Una vez que la maestra ha ordenado hacer las tareas y los pequeños se concentran en ellas, toda la clase se sumerge en un silencio absoluto. Cuando un alumno acaba, se lo dice a la maestra, que revisa el trabajo. Si no está bien, se lo volverá a explicar. Si está bien no le pondrá más tareas. Cada uno va a su ritmo, pero toda la clase progresa a la vez. Nadie seguirá adelante con el temario hasta que todos hayan terminado las tareas que se les haya mandado hacer. Aunque se dé el caso de que el alumno más rápido se pase toda la clase sin seguir practicando la asignatura. ¿Qué hacen estos niños y niñas mientras esperan a que acabe el último? ¿Cómo se consigue que los alumnos se mantengan en silencio y quietos, que aprendan aunque no avancen en el temario? Sorpresa: leyendo.

Junto a cada aula de esta pequeña escuela hay una sala con un sofá y mesas. Quienes ya han terminado su tarea pueden ir allí y leer, o bien pueden hacerlo en el aula. Cada uno escoge el cuento que más le atrae, o bien lee algún libro traído de casa. Terminados los ejercicios que haya mandado la maestra, ni siquiera preguntan qué han de hacer: se ponen a leer. No protestan, no piden que les dejen ir a jugar: ya tendrán tiempo para hacerlo. Saben que pueden leer, y leen. Y si al final todo el mundo acaba la tarea y aún no es la hora de salir al patio, la profesora no intentará introducir más temario: dejará que los alumnos continúen leyendo o bien les pedirá que se sienten y ella misma les contará un cuento.
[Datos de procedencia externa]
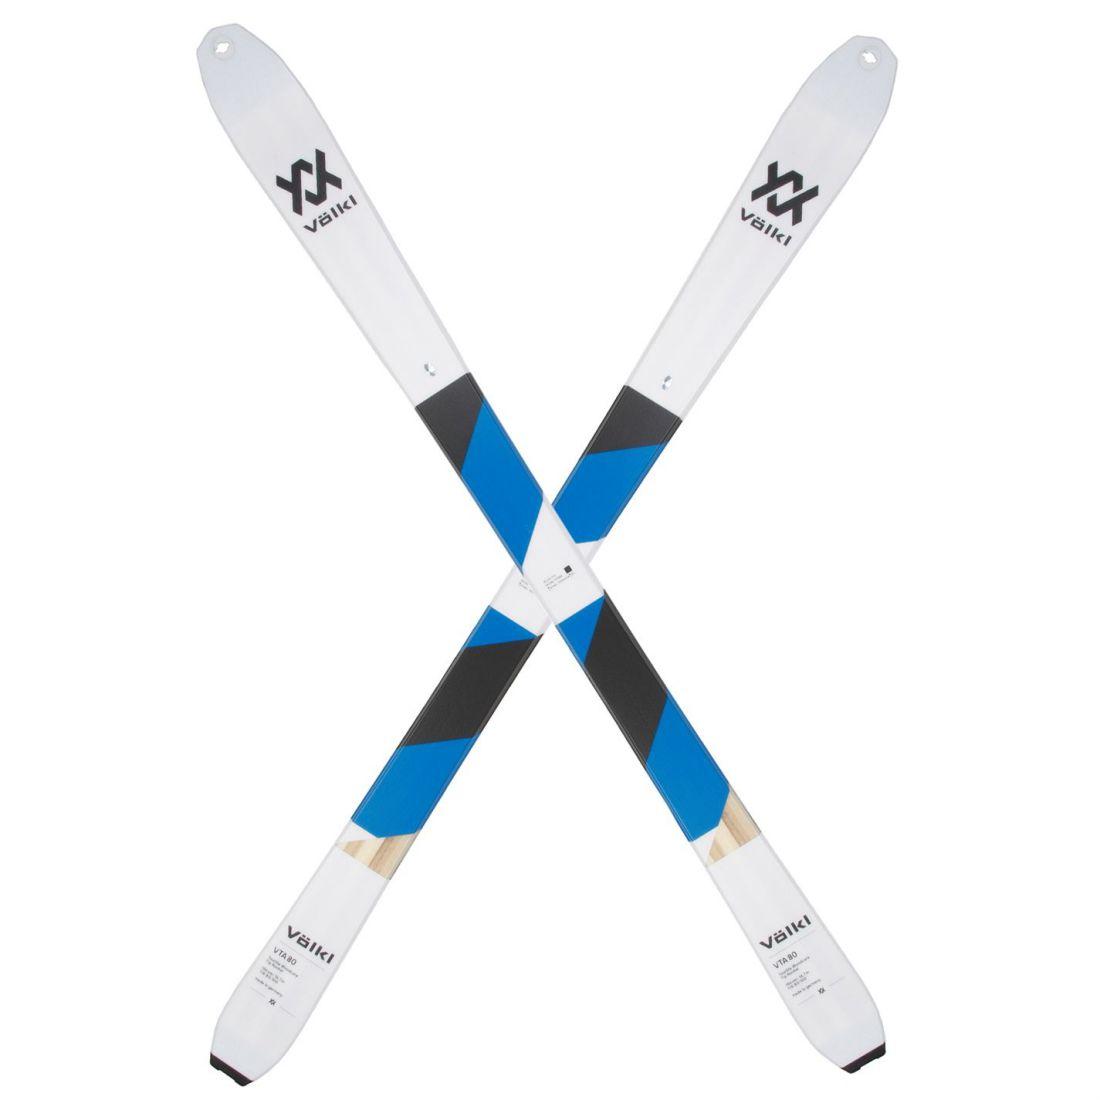 Volkl VTA80 TSet Mens Gents Skis

(Fuente: Kristeligt Dagblad, 31.1.2012)

Del mismo modo que la asignatura, el material, los libros de texto, la calma y la lectura pasan a un segundo plano, se sale al patio a jugar; y si a algún niño no le apetece salir a jugar con la nieve se quedará con la boca abierta mientras la voz de la maestra le susurrará al oído que al cabo de cuatro páginas alguien ha creado un mundo nuevo, que no estará obligado a entrar en él, pero ¡qué buen rato pasará si lo hace!

© de este texto: Clàudia Rius, 2015.


[1] Italo Calvino: “L’apologo dell’onestità”, en La Repubblica, 15.3.1980.
[2] Para tener una idea más completa de esos debates propongo la lectura de algunos de los artículos que se encuentran a través de este enlace.



(Este artículo fue publicado originalmente en catalán con el título “Com aprenen a llegir els nens a Suècia?” en Núvol, digital de cultura, Barcelona. IMPEDIMENTA agradece a su autora la autorización para traducirlo y publicarlo en castellano. La traducción es de Albert Lázaro-Tinaut).